Tim Wise mentions the COVID protesters who didn't "get the memo" and were willing to role the dice with other peoples lives, despite the obvious contradiction that vastly larger groups of protesters across the country have rolled the dice with other peoples lives, Wise makes the inference that those COVID protesters said "nothing at all" about George Floyd's death. This is blatantly false. Conservatives are verily consistent on government over reach, not all Republicans, but most conservatives I know are concerned about overly militarized policing and the over reach of government power at every level. Opposition to overly powerful and intrusive government is a quintessential conservative value and underlies most of what conservatives believe is wrong with the progressive movement. I wonder if Tim Wise would be willing to have a serious conversation about reducing the power of the government over our everyday lives?
2) Wise discusses how the American Revolution legitimizes violent liberation and property destruction as a legitimate tactic in "the movement."

Wise says in this interview that there is a discussion on the table for the "tactical and strategic value of property destruction," and likens that discussion to Nelson Mandela in South Africa who believed in sabotage of commercial and state property. He said this is part of regular discussion among those "inside the movement," but he has, "You who isn't part of that discussion?" And I quote: "ANYONE who has not already committed to the struggle for racial justice and equity... If your in the struggle you are welcome... but if you are one who didn't say anything when George Floyd was killed..." And he means didn't signal support for "the movement" as constituted and defined by groups like the BLM, if you "didn't tweet anything out... If you are talking about how horrible it is when black people are burning stuff." I assume he means those of us who denounce any rioting by people of any color, those of us who oppose the destruction and theft of property.
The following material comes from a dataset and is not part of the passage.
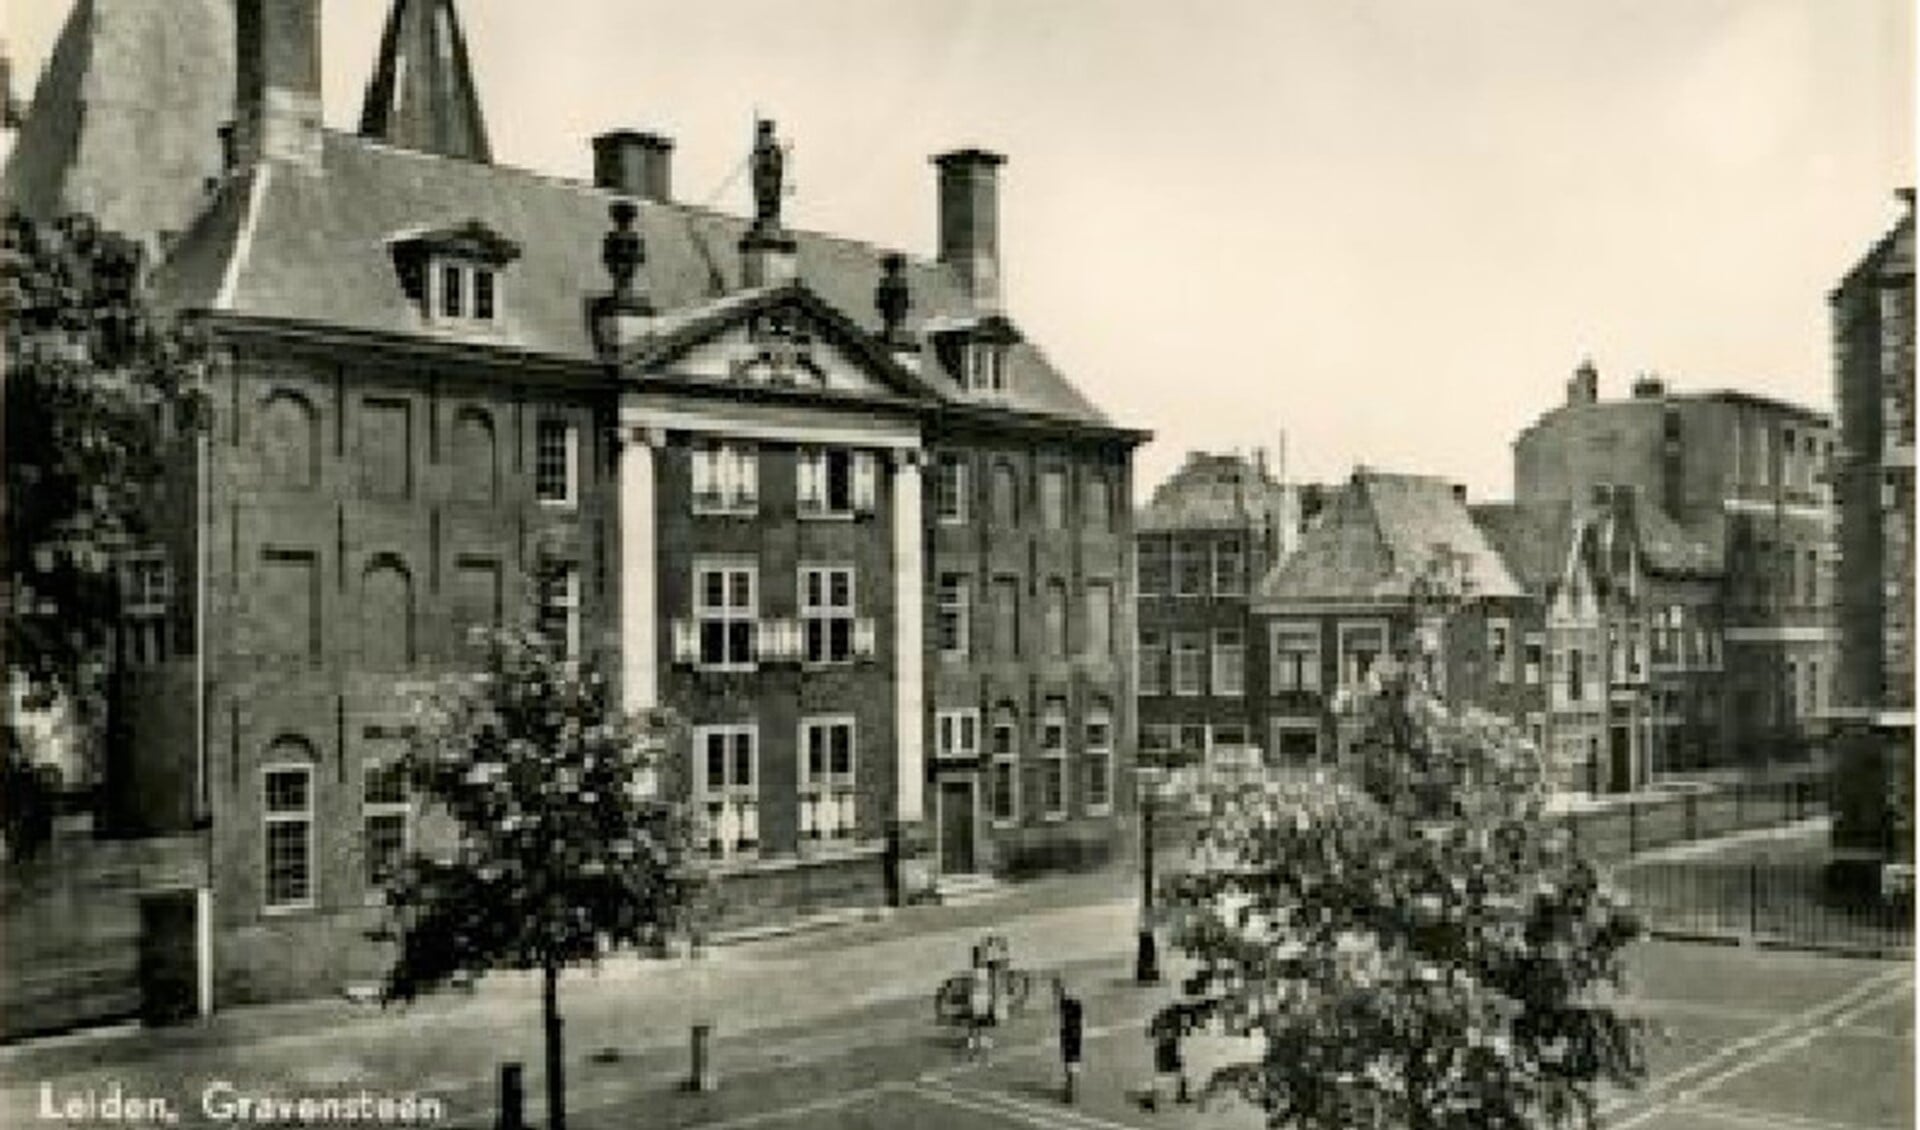 Rous werd naar Leiden gebracht en ingesloten op het Gravensteen, zoals de gevangenis daar heette.

He says if you are one of those people, "YOU ARE NOT INVITED TO THE CONVERSATION... YOU ARE NOT PART OF THE CONVERSATION... YOU ARE A VULTURE TO THE CONVERSATION... IF YOU ARE NOT PART OF THE MOVEMENT WHY ARE YOU TALKING?"

NOW... Aren't those words exactly what Theo E.J. Wilson was speaking out against in his TED talk? Wasn't he just saying that the only way to bridge the divide was to have conversations that cross the divide. I must say that I am very confused as to why he recommended Time Wise, his first recommended "voice" on the racial justice side, as one that conservatives ought to listen to. To be fair I may listen to more of Tim Wise and see if he moderates himself for main stream media, he may, and perhaps Wilson is more acquainted with him in that realm, but if this interview is any reflection of the real man, the authentic Tim Wise, It gives me little hope that any bridge is possible.